June 04, 2017 11:12AM
Anyone connected to children or the field of education today knows that our educators and our children face many challenges. With bullying and other inappropriate or problematic behavior, a major goal today is helping children treat themselves and others with respect. We have an ideal for them, and we have the challenge of teaching our kids good “midos.”

Kids learn a lot from modelling. They absorb attitudes and behaviors from their parents, TV, movies, music videos, and from teachers. In today’s snarky culture, behaving with respect towards others isn’t cool.

If this is how many kids perceive interacting with others, how do we teach respect and good midos? How can they ever see these ideals as valuable?

In my experience, it is not effective to teach about respect or good midos in the manner we might teach about a holiday or historical event. To develop a child’s understanding that respect is morally good and even an obligation, the student needs to experience it. There is, of course, a disconnect here; if a student doesn’t already behave this way, how can he learn?

In terms of adopting values, one of the strongest influences on a child is the peer group. When a teacher promotes a particular value, the peer group ultimately decides whether or not to accept it. Even if a few “good” kids agree, if the majority of the class does not accept the value, it will often not be adopted by the others. Even if some kids adopt the value, the majority will pressure (by ridicule or other means) them so they eventually behave like the rest of the group. Of course, there are exceptions, but this is how the model often works. In terms of adopting values, peers matter most.

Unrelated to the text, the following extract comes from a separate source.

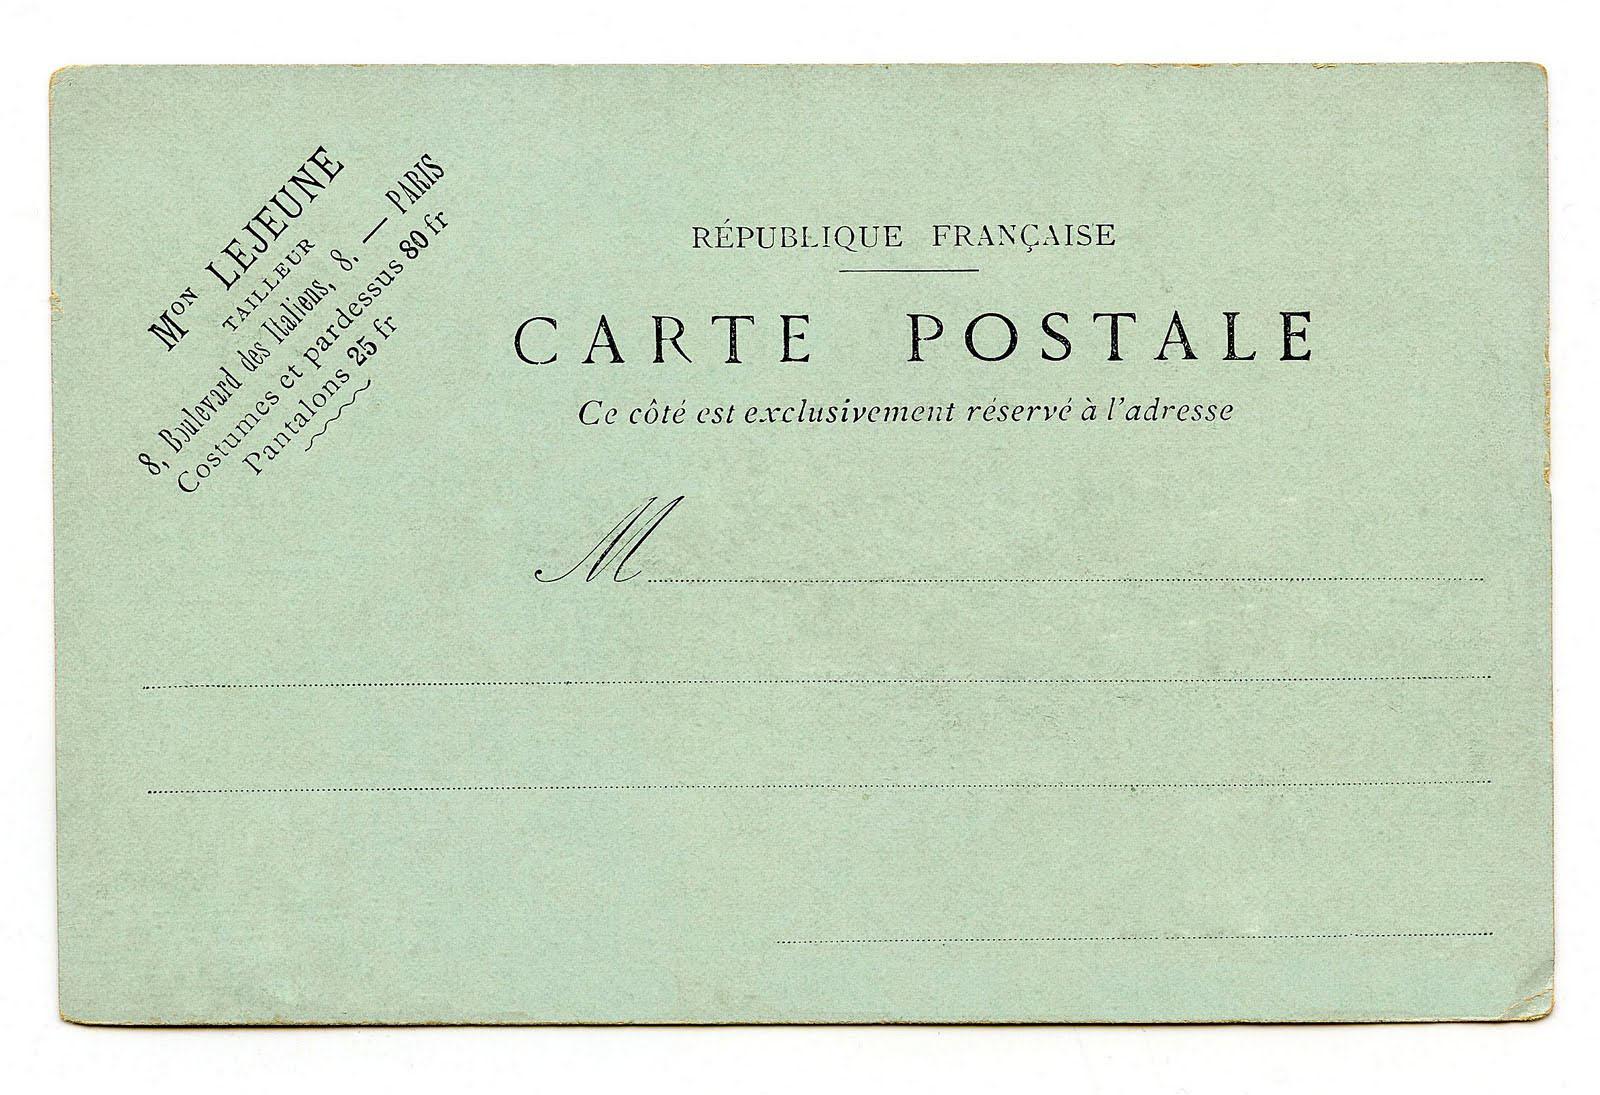 1a-parispostcard-graphicsfairy010green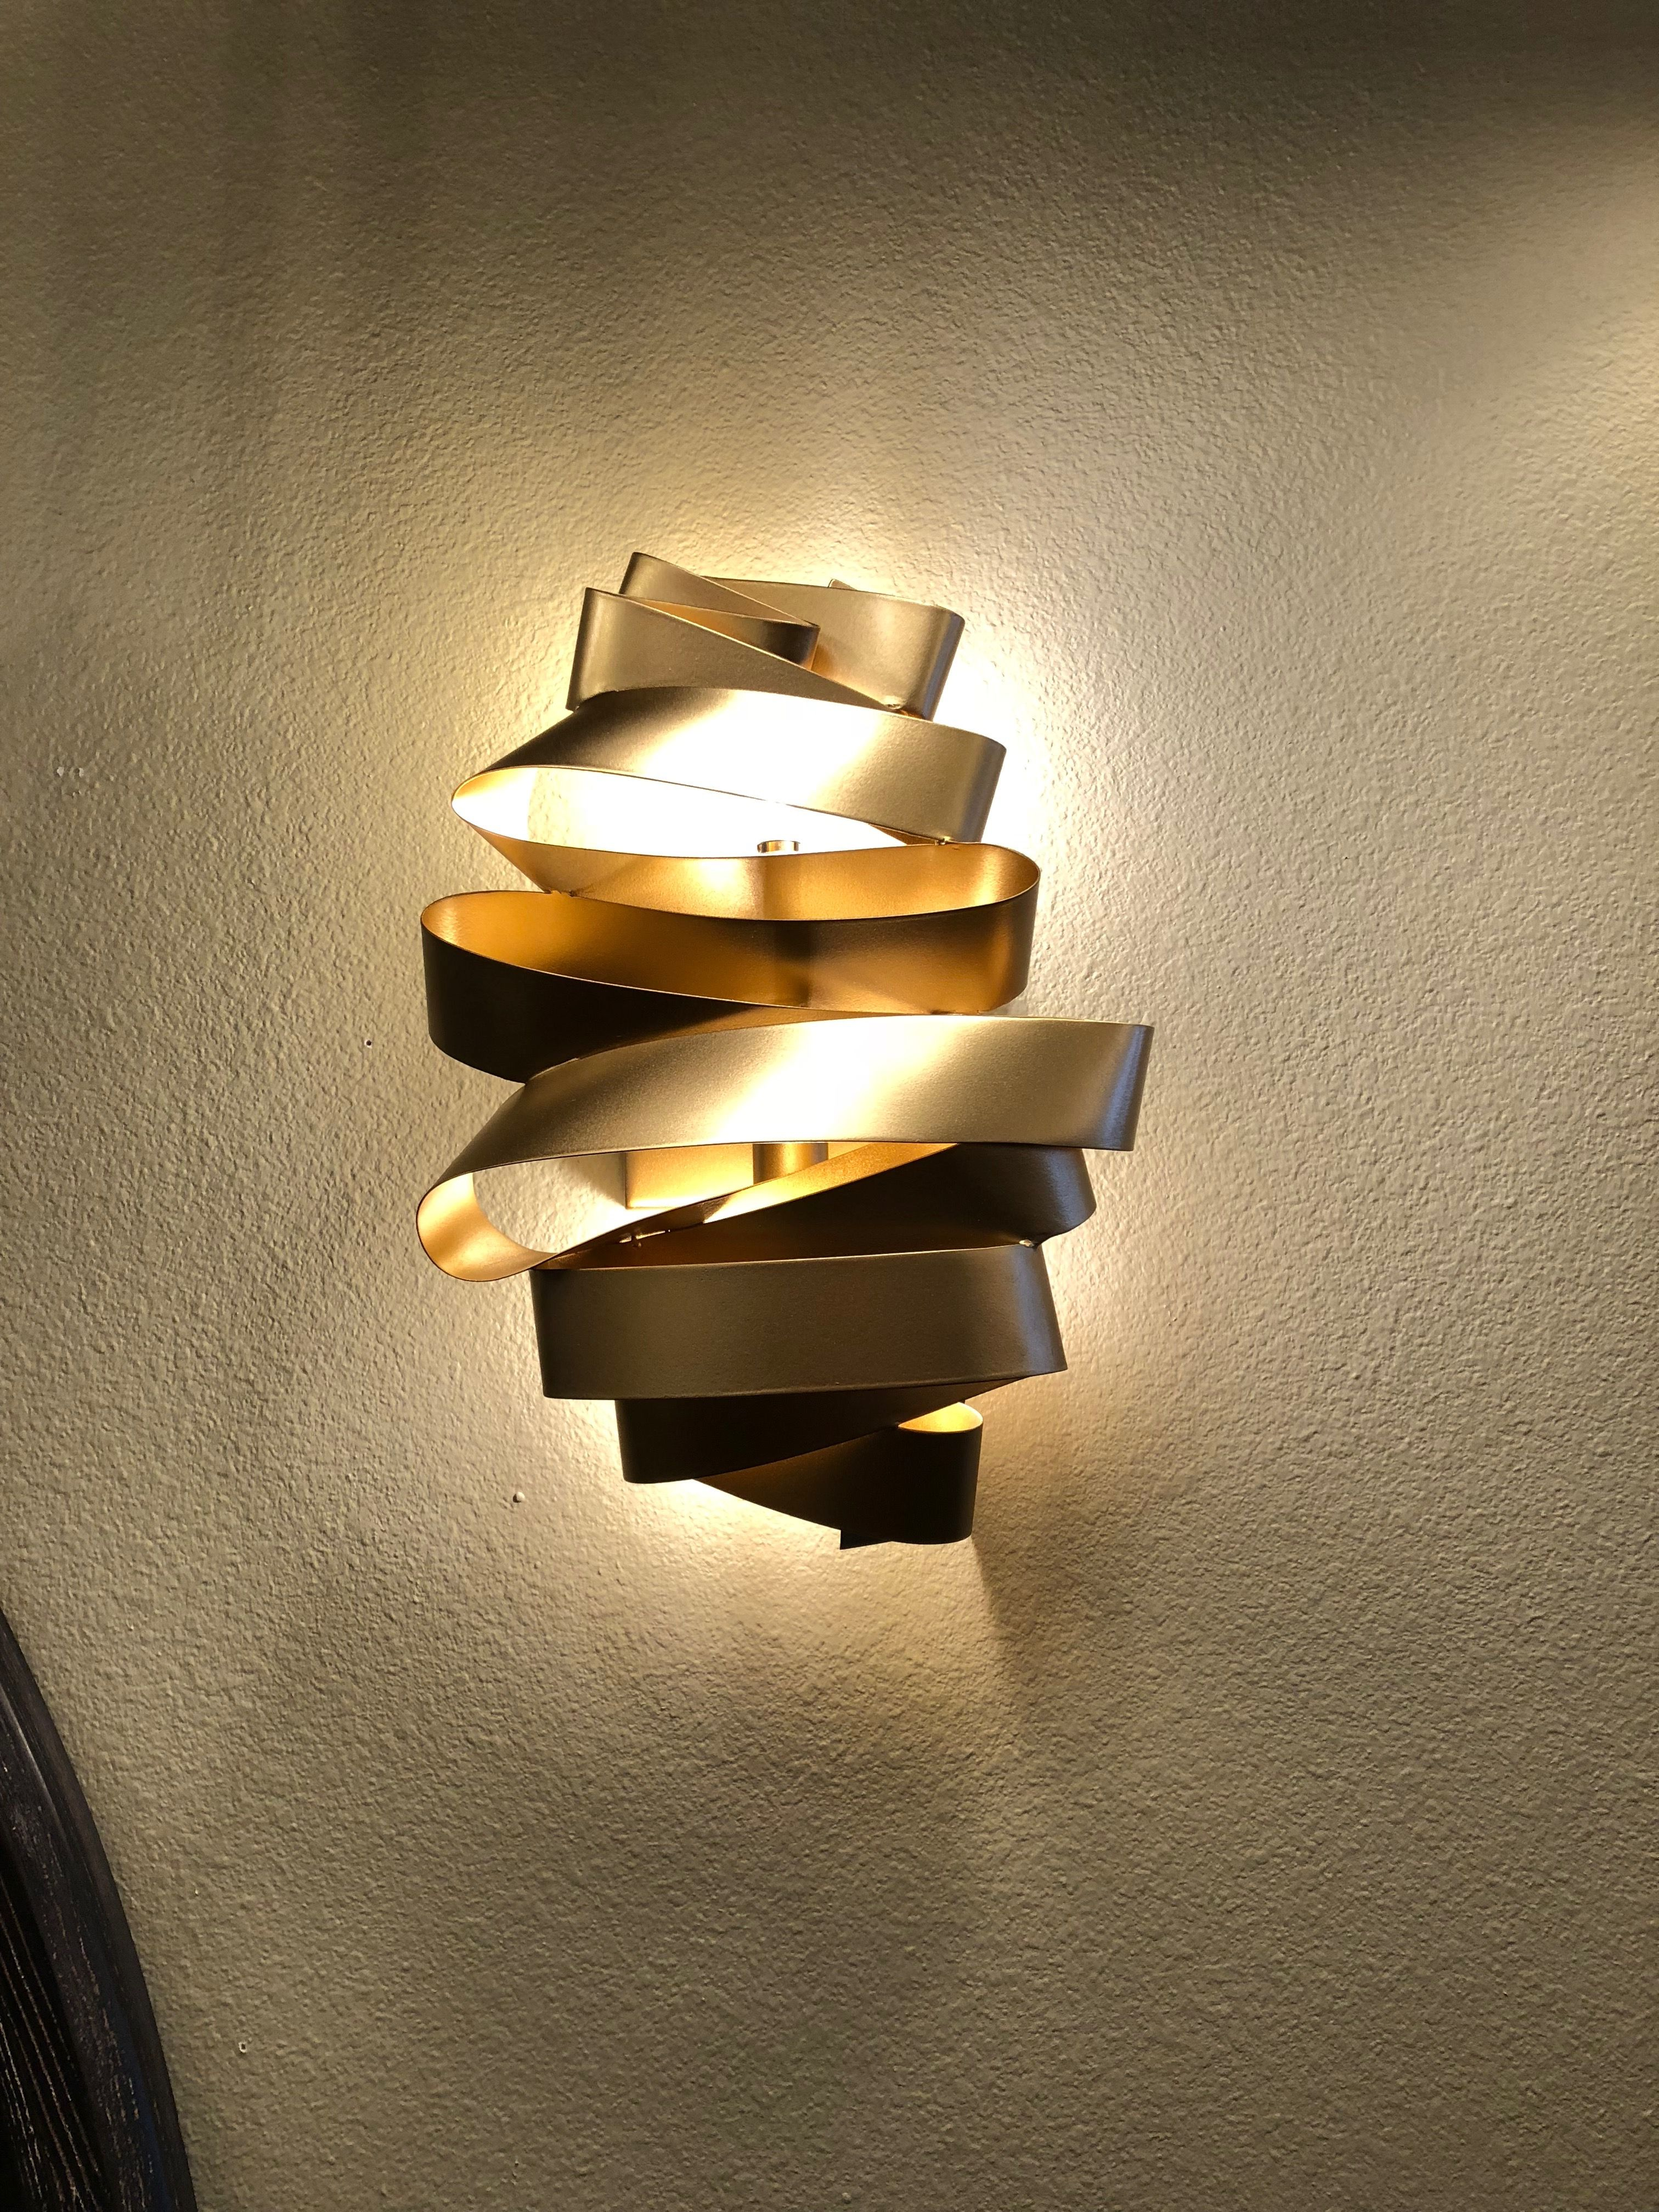 Bes Lighting 1 Funky House Ideas Home Decor

The Charlie Brown cartoons illustrate this brilliantly. The author, Charles Schultz, appears to depicts this very point. In the world of Charlie Brown we see no adults, only their legs, and when adults speak the only sounds heard are “blah, wah, blah….”

And so, if we want to make sure kids hear more than “blah, wah, blah,” we need to be cognizant that it is the individual kid or their peers who will be the most effective in teaching the values and behaviors we want them to learn and adopt. As educators we need to infiltrate the peer group and its values and bring them to actually experience the benefits of respect. Once they experience the benefits of respect, they can decide as a group to adopt the value, and will have learned how to do that in the process.

We can begin by presenting kids with a situation that evokes feelings of mild tension or interpersonal stress. The leader / facilitator must stand ready to ensure that the tension doesn’t boil over into a conflict. He should also prepare to guide the students through resolving the tension.

The facilitator will often need to step in and guide the children though the process of communication and coordination, while ensuring the activity remains fun and engaging. If the children have any hopes of succeeding at the task and winning the game, they will need to work together. To that end, they can only convince each other to work together when they speak respectfully to each other. As the children talk to each other politely, they see that they succeed together. Through this experience of success, they learn that it helps them to speak respectfully.

Directives aren’t a tool that works here. We can’t tell a child to act a certain way. We are looking to help the children choose to utilize a certain behavior. They will apply this behavior when they see that it benefits them. A teacher can explain a behavior and even give examples, such as what a respectful invitation might sound like, or to even spell out in greater detail how they might say it. In this method the teacher/facilitator presents the students with tools they can choose to use or ignore. The choice remains theirs.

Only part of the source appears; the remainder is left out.